Data listing:
╔══

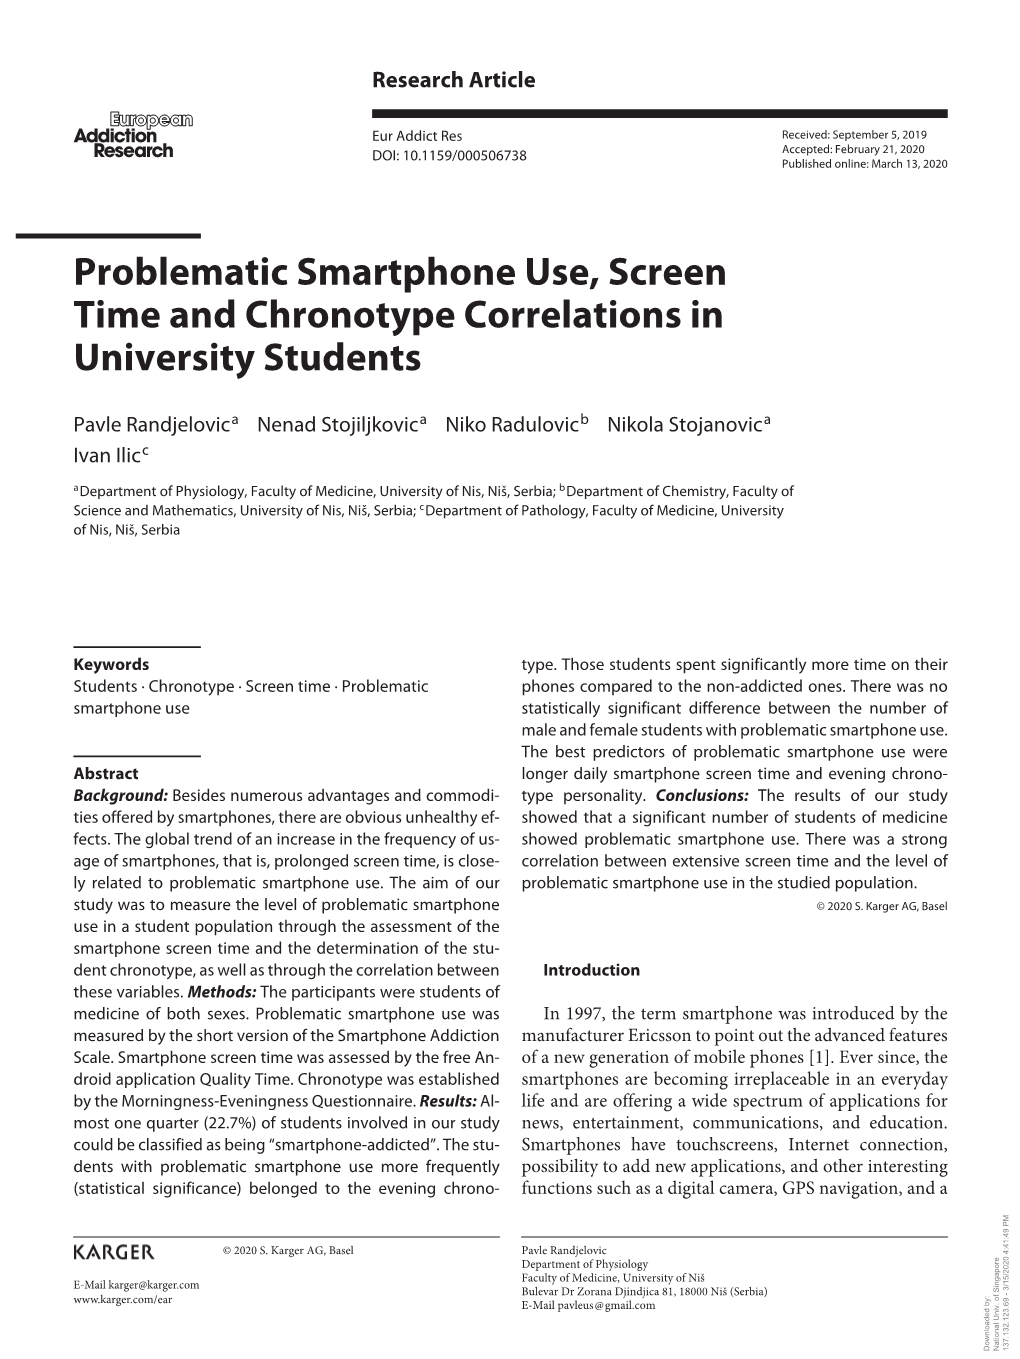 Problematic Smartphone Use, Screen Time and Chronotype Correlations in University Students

╚══
╔══

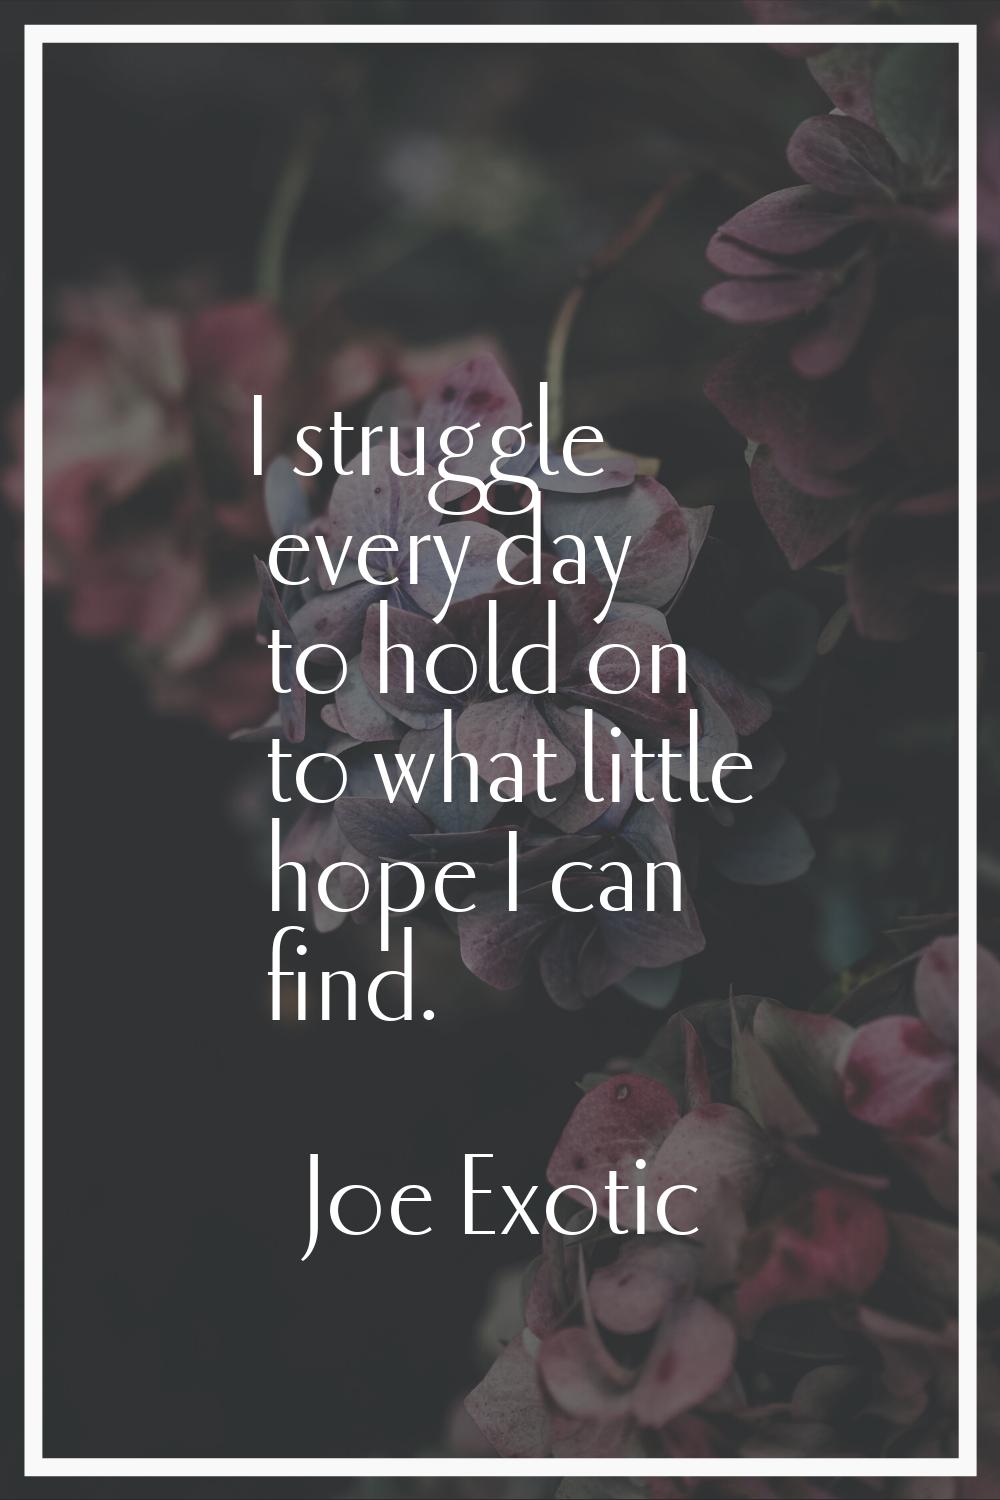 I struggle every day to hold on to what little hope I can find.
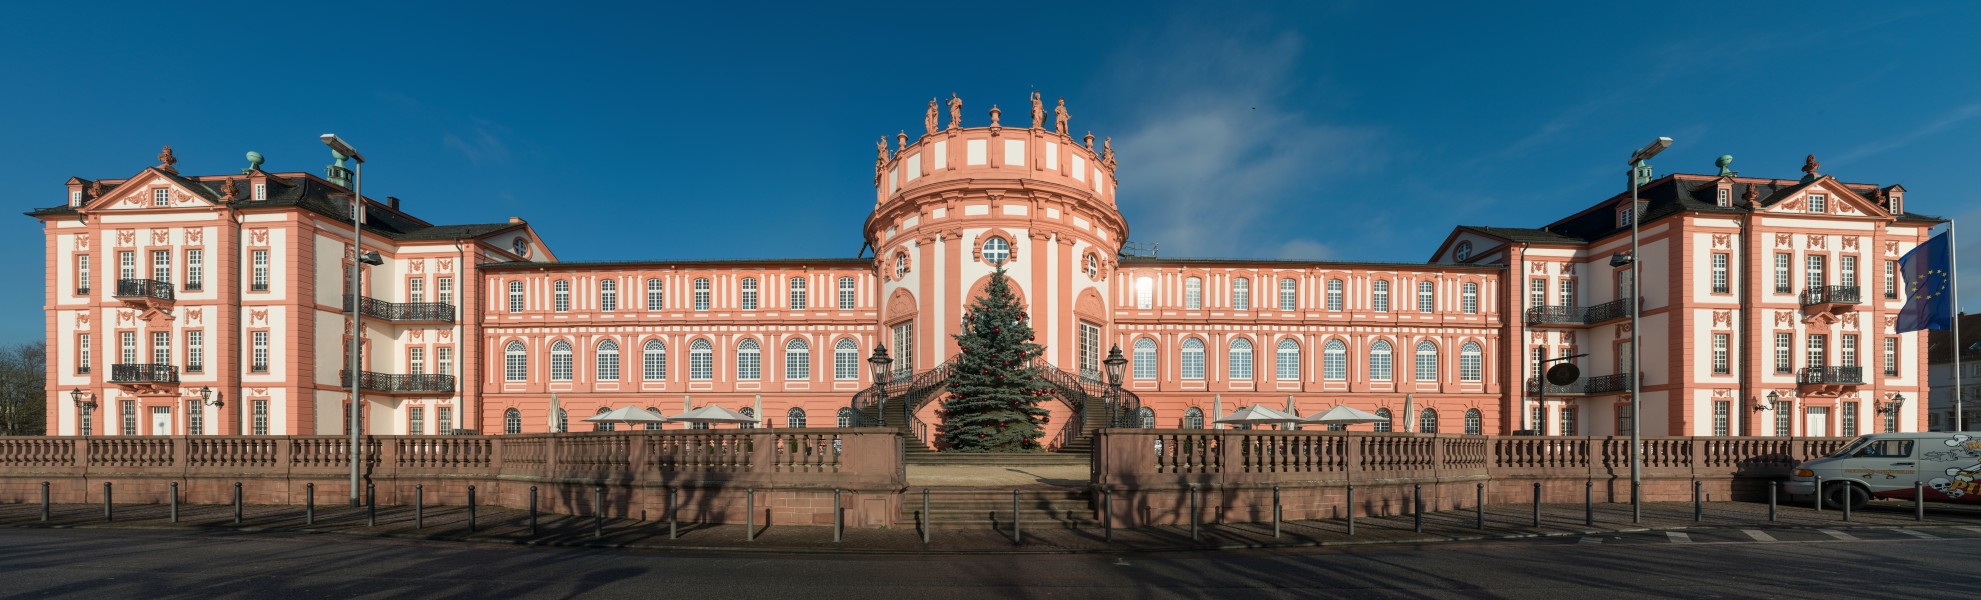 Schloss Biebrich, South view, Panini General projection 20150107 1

╚══

Exercise directions: Starting at the line containing "I struggle every" and stopping at the line containing "Schloss Biebrich, South", output each line exactly as it appears above. Leave out the pictures.

Response below:
 I struggle every day to hold on to what little hope I can find.
 Schloss Biebrich, South view, Panini General projection 20150107 1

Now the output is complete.